# Task requirements
Return each line of the listing below, unchanged, and omit the images.

# Available data
══════
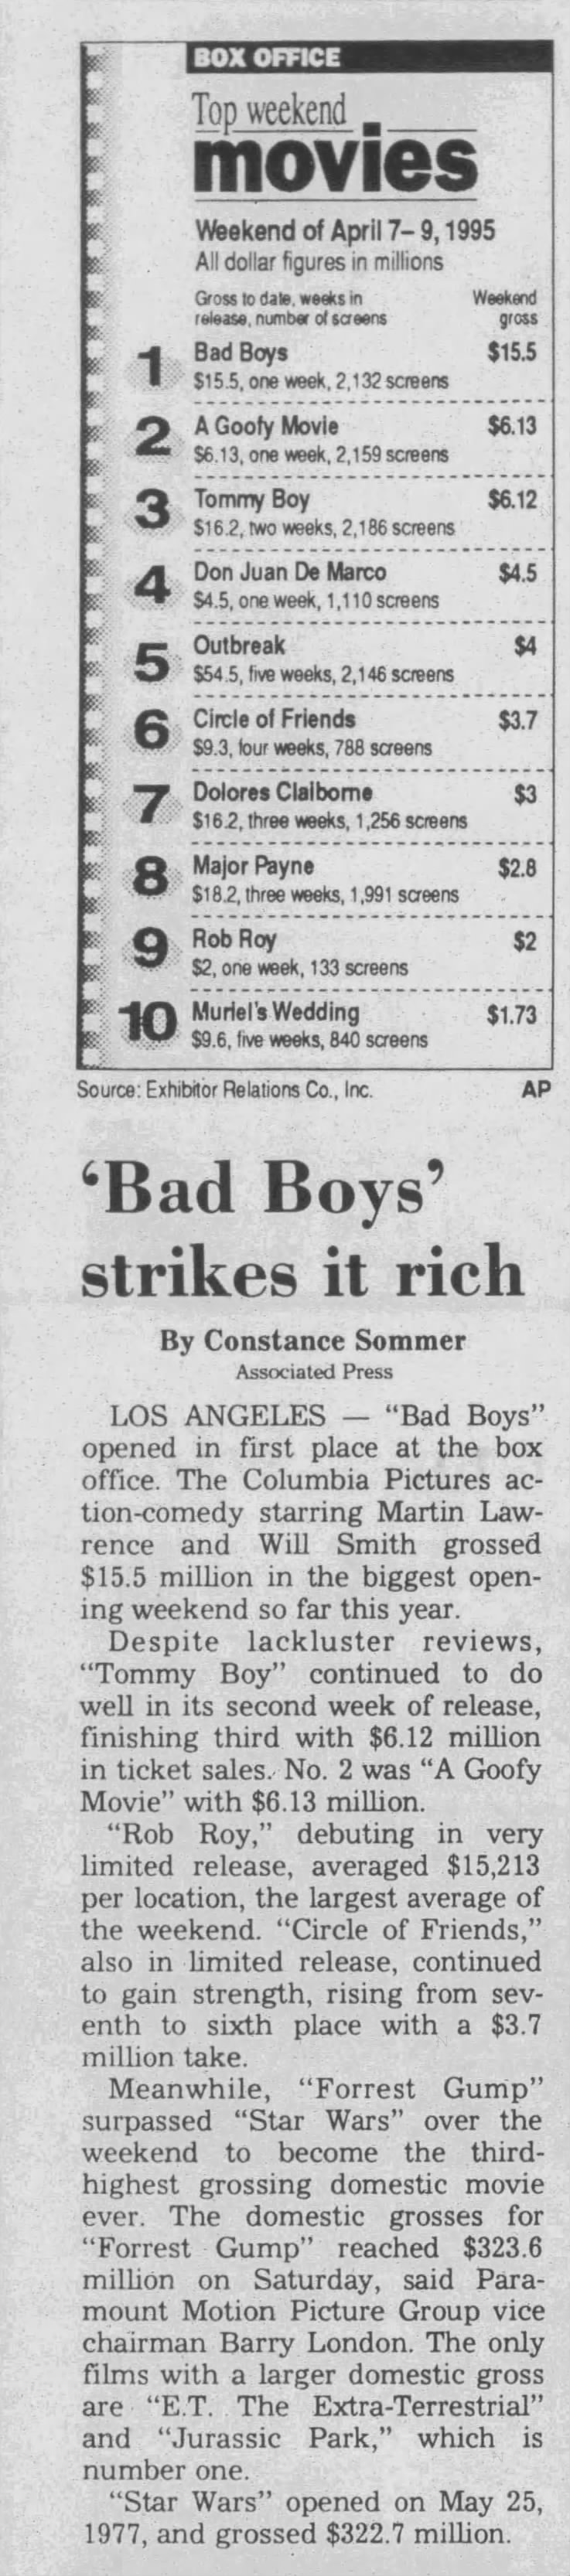 'Bad Boys' strikes it rich
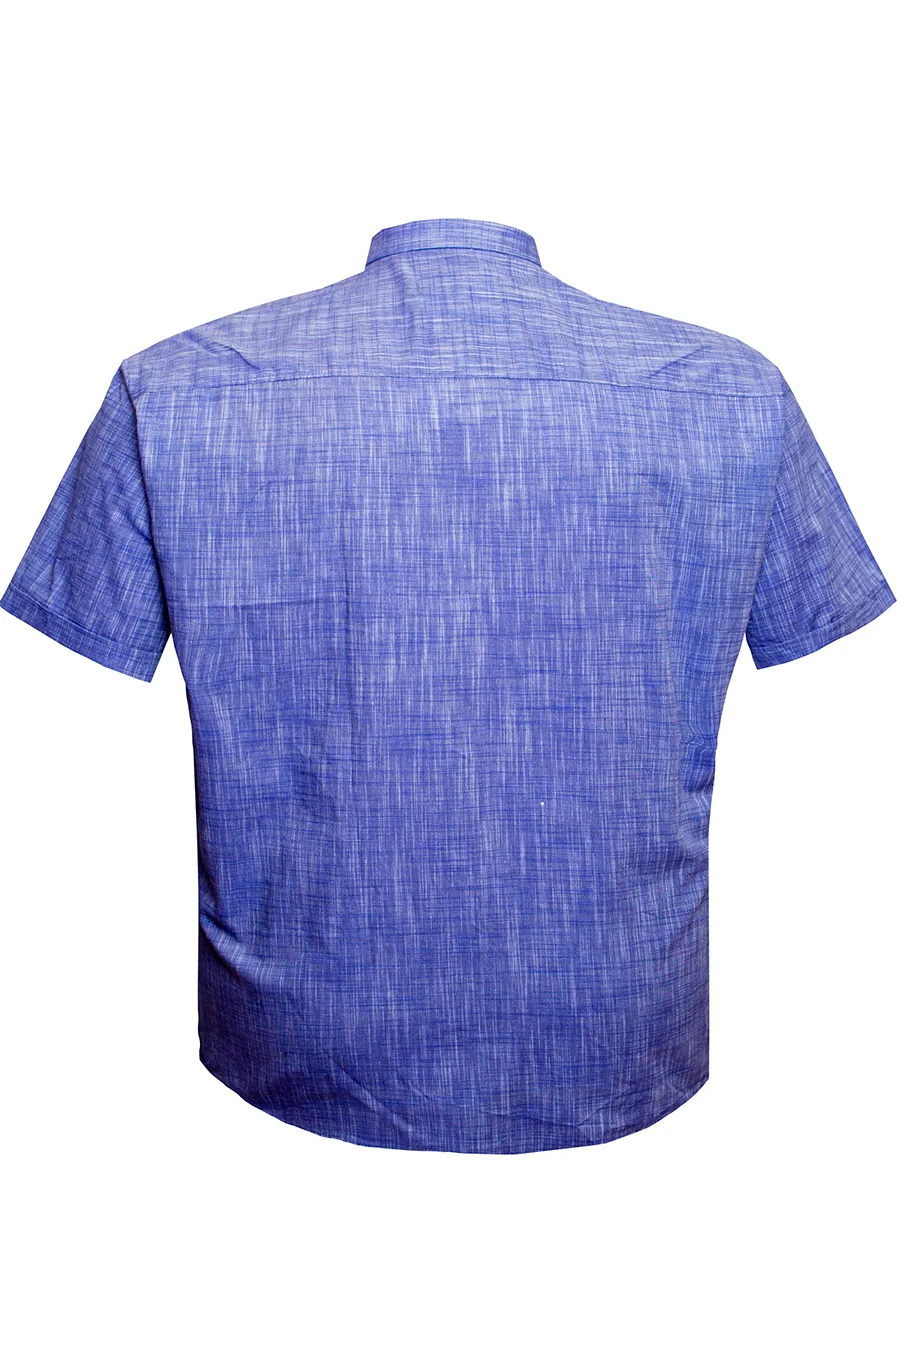 Рубашка синяя из льна большого размера
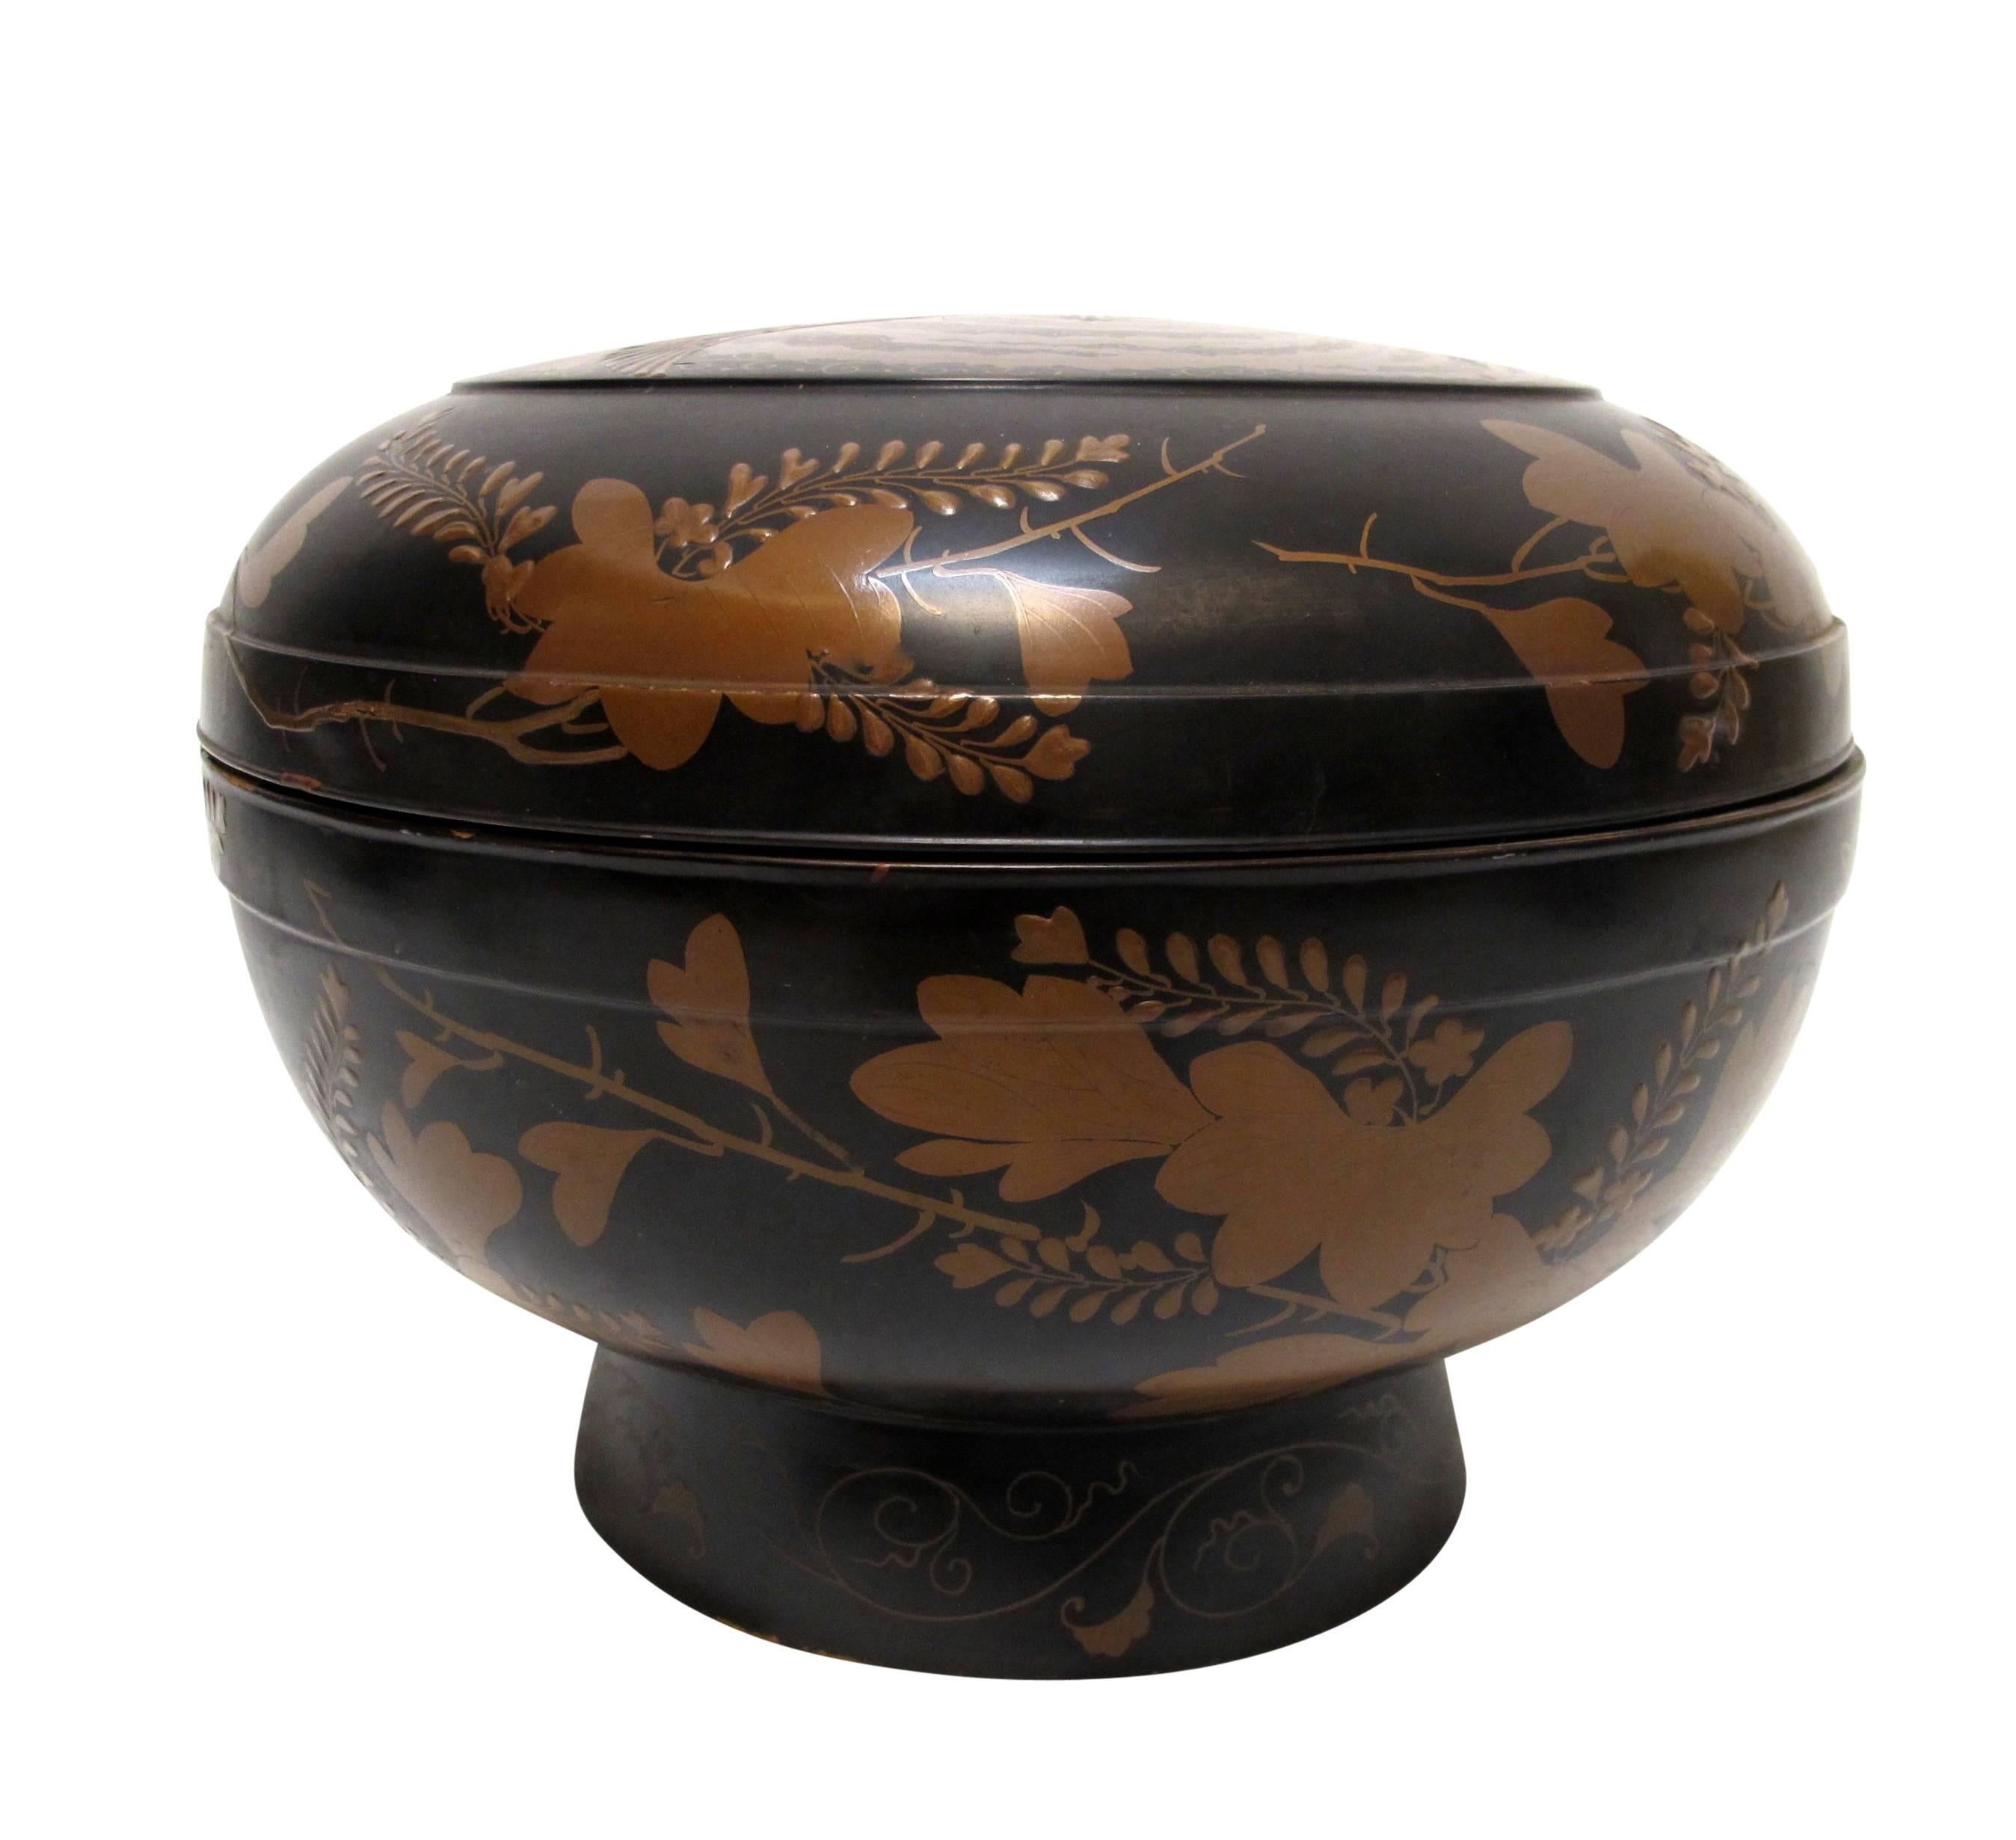 Grand bol à riz ou à soupe laqué d'époque Meiji. Magnifique décoration peinte à la main à l'intérieur et à l'extérieur.
══════
# Answer
 'Bad Boys' strikes it rich
 Рубашка синяя из льна большого размера
 Grand bol à riz ou à soupe laqué d'époque Meiji. Magnifique décoration peinte à la main à l'intérieur et à l'extérieur.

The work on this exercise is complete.